» **Work request**:
Give the listing again word for word. Skip the pictures.

» **Collected material**:
--------

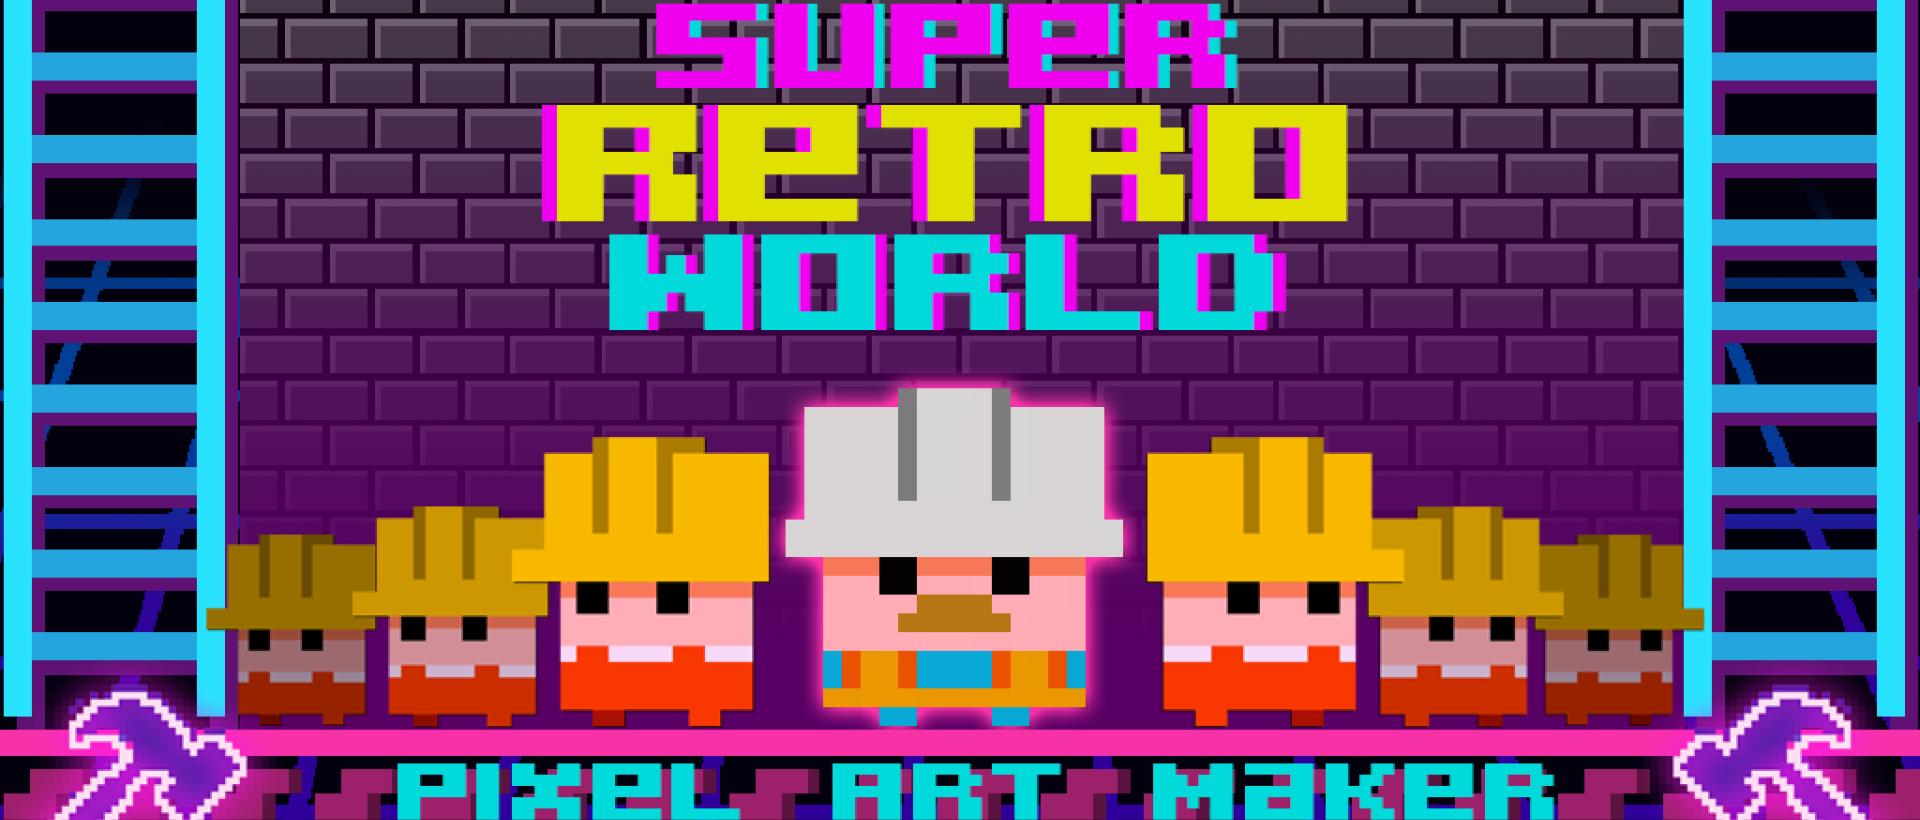 Super Retro World: Pixel Art Maker
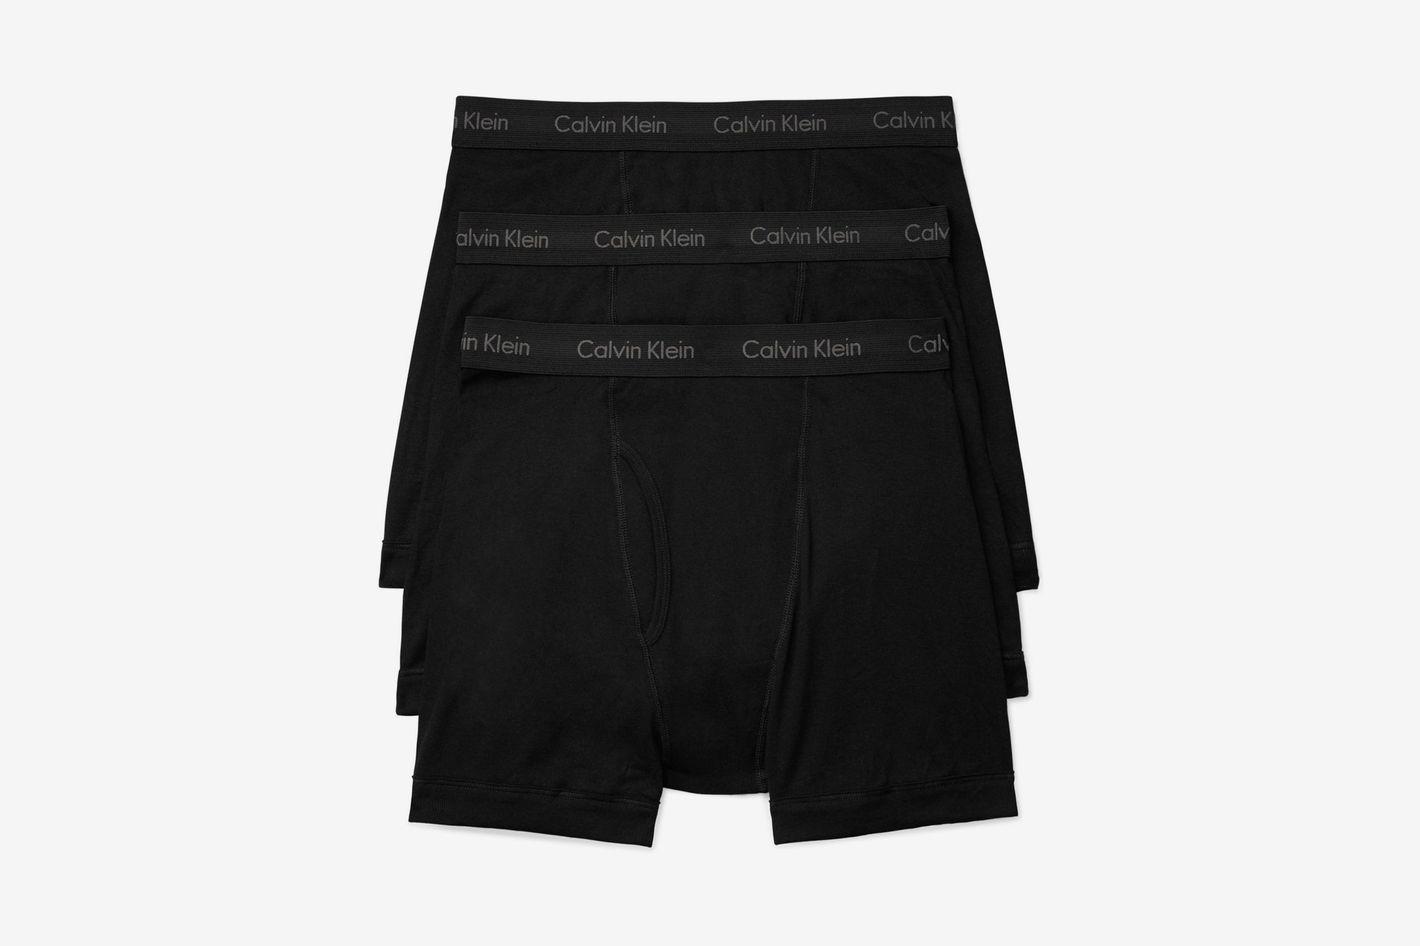 66d5d73c42 Calvin Klein Boxer Briefs (3-pack) at Nordstrom
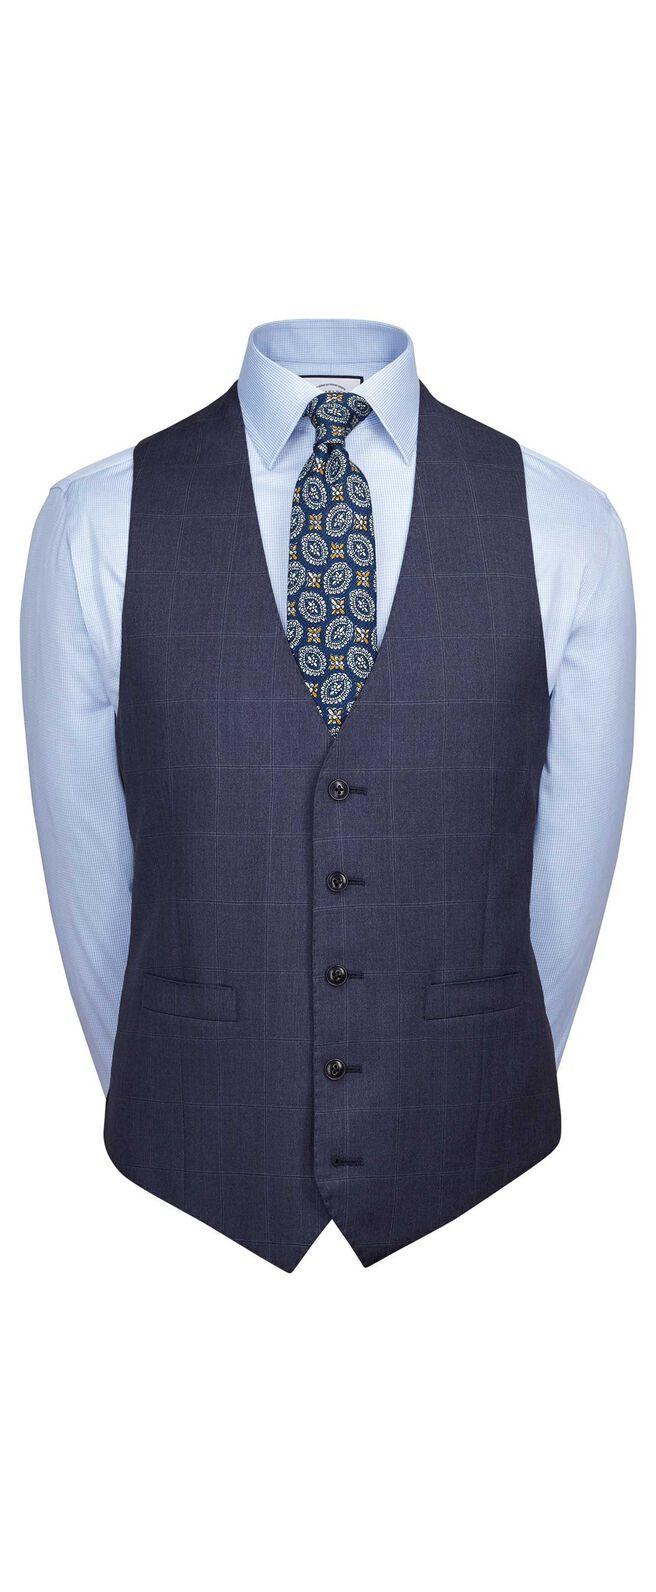 Airforce blue slim fit Italian suit

--------

» **Answer to this problem**:
 Super Retro World: Pixel Art Maker
 66d5d73c42 Calvin Klein Boxer Briefs (3-pack) at Nordstrom
 Airforce blue slim fit Italian suit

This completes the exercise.